2. A high efficiency magnetic separator for iron particles as set forth in claim 1 wherein: the stirrer (5) comprises a rotating shaft (501), sleeve columns (502) and stirring plates (503), wherein the sleeve columns (502) are fixedly sleeved on the surface of the rotating shaft (501), and the stirring plates (503) are fixedly arranged on the outer side walls of the sleeve columns (502) in a uniformly-spaced mode around the circle centers of the sleeve columns (502).

3. A high efficiency magnetic separator for iron particles as set forth in claim 1 wherein: the adsorption rod (7) comprises a mounting column body (701), an electric connector (702) and an electromagnetic rod (703), wherein the mounting column body (701) is fixedly arranged between the front side wall and the rear side wall of the inner cavity of the separation bin (1), the electric connector (702) connected with the mounting column body (701) is fixedly arranged on the front side wall of the separation bin (1), and the electromagnetic rod (703) is embedded in the inner cavity of the mounting column body (701) in an equidistant surrounding mode.
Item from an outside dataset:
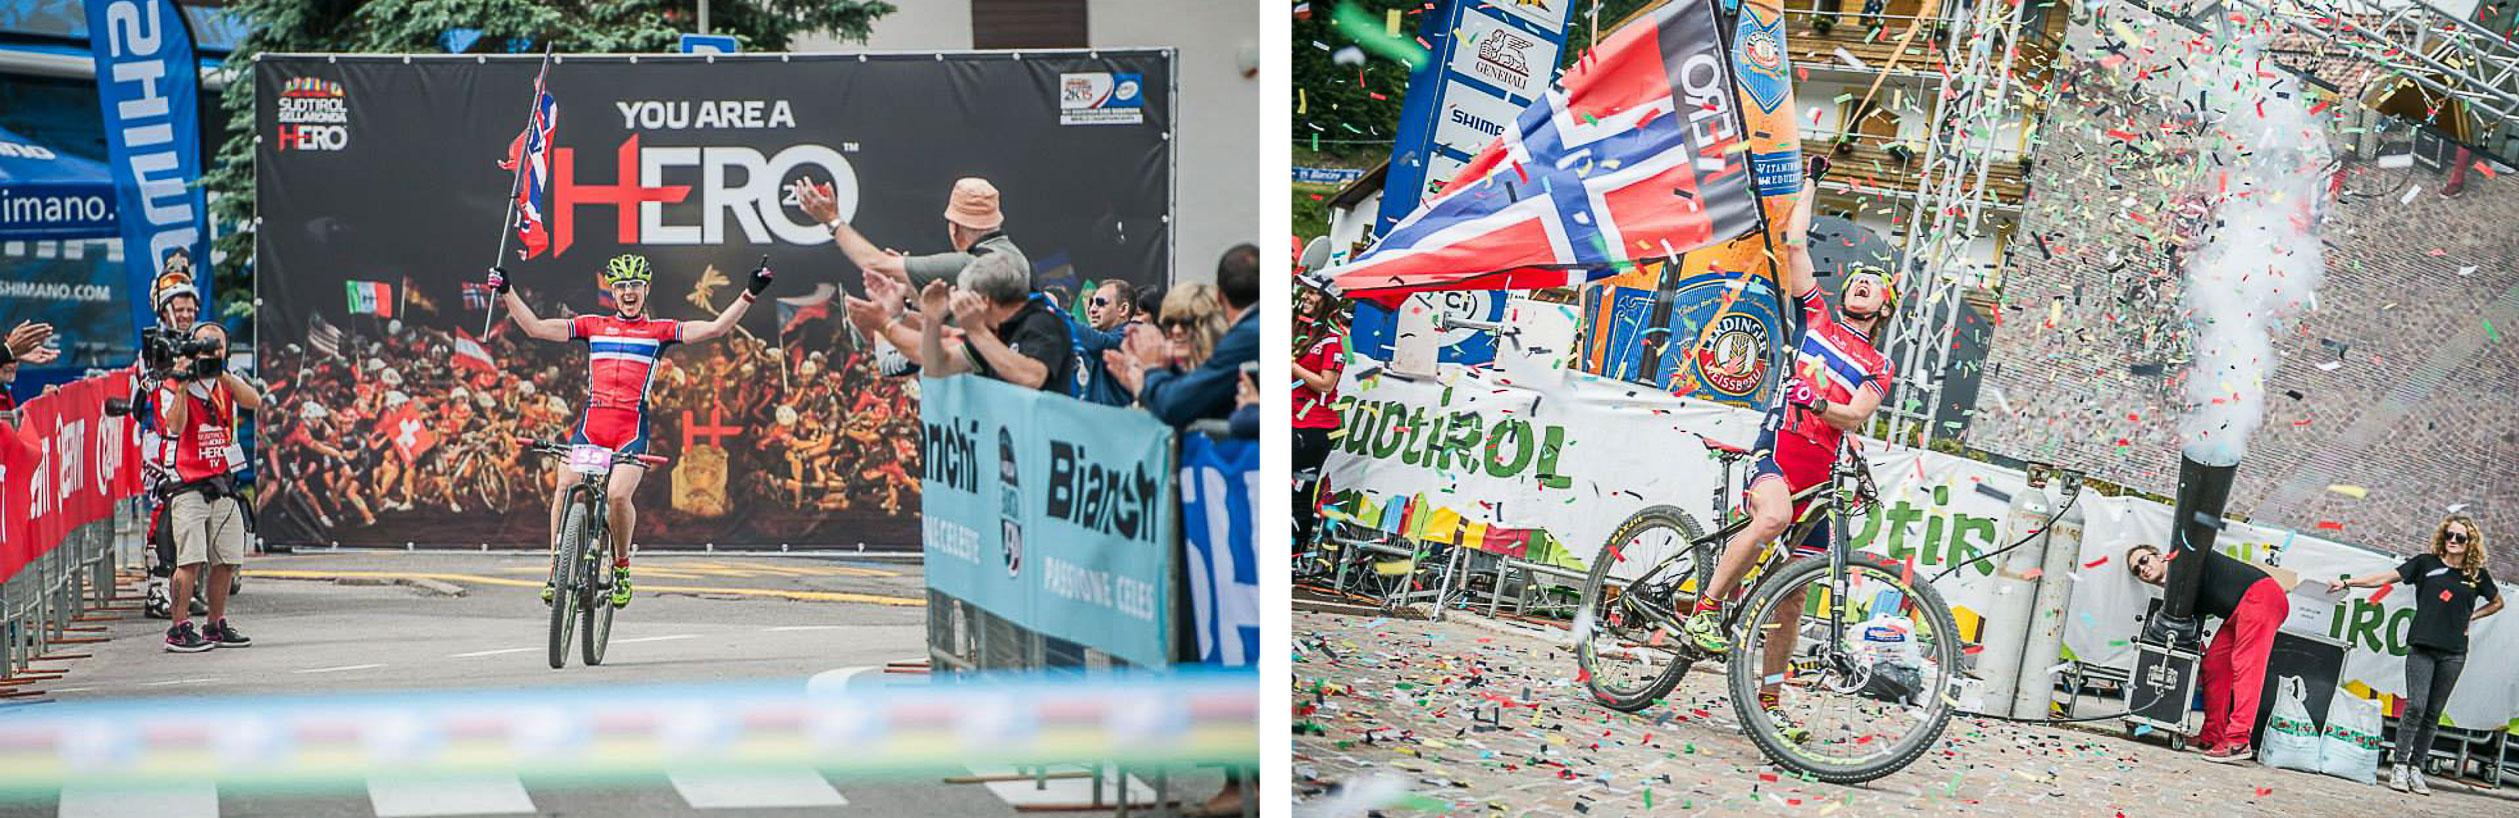 1-Championnat_Monde_Marathon_2015_Val_Gardena_Copyright_Sella_Ronda_Hero-1-2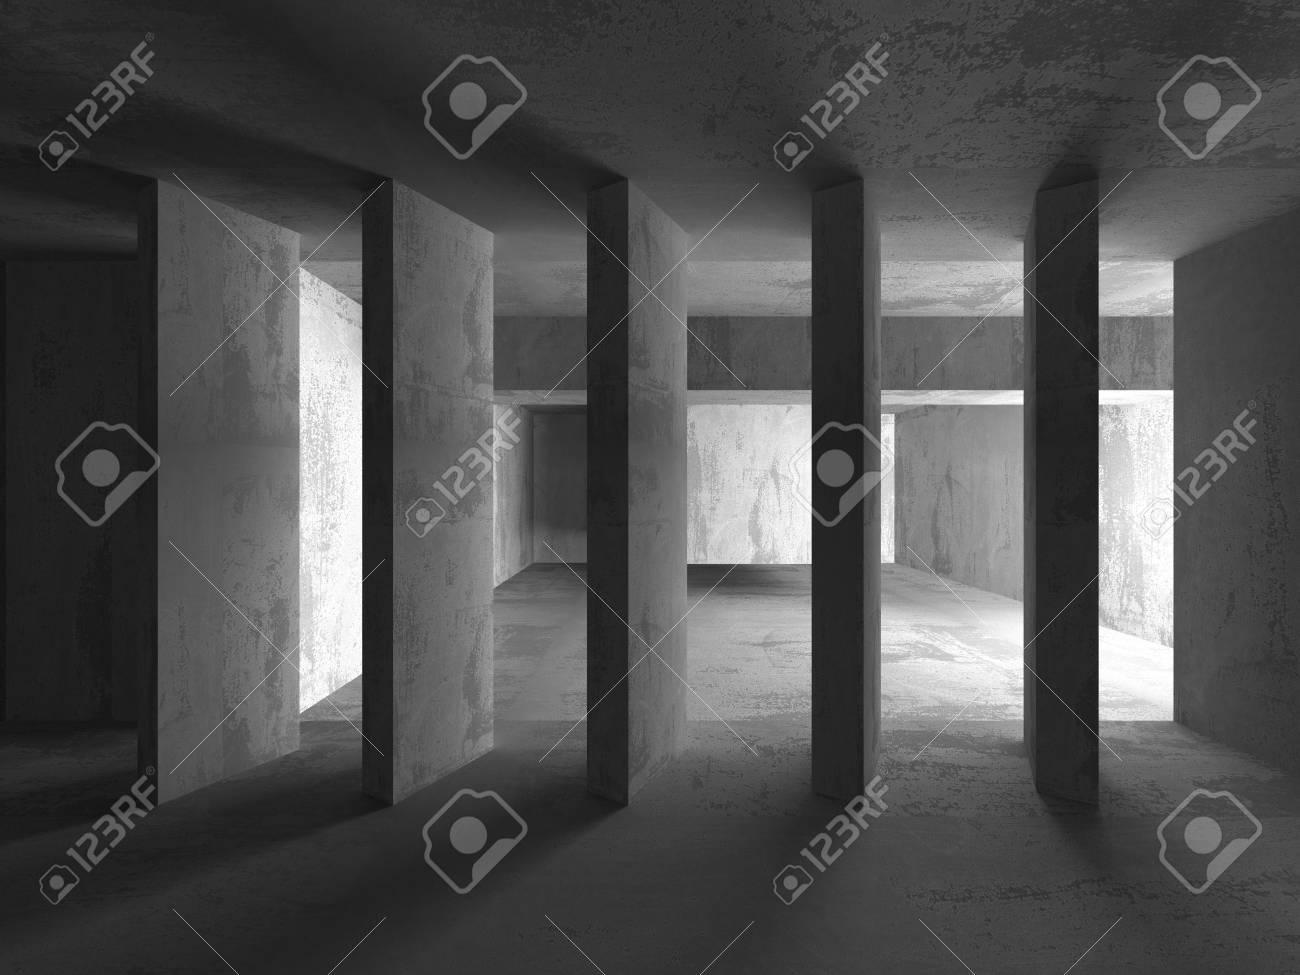 Fondo De Arquitectura Concreta. Resumen Cuarto Oscuro Vacío ...

4. A high efficiency magnetic separator for iron particles as set forth in claim 1 wherein: the separation bin (1) is of an inclined square pipe body structure.

5. A high efficiency magnetic separator for iron particles as set forth in claim 1 wherein: the surfaces of the stirrer (5) and the adsorption rod (7) are coated with wear-resistant coatings.

6. A high efficiency magnetic separator for iron particles as set forth in claim 1 wherein: the stirrer (5) and the adsorption rod (7) are equally spaced and parallel to the bottom of the separation bin (1).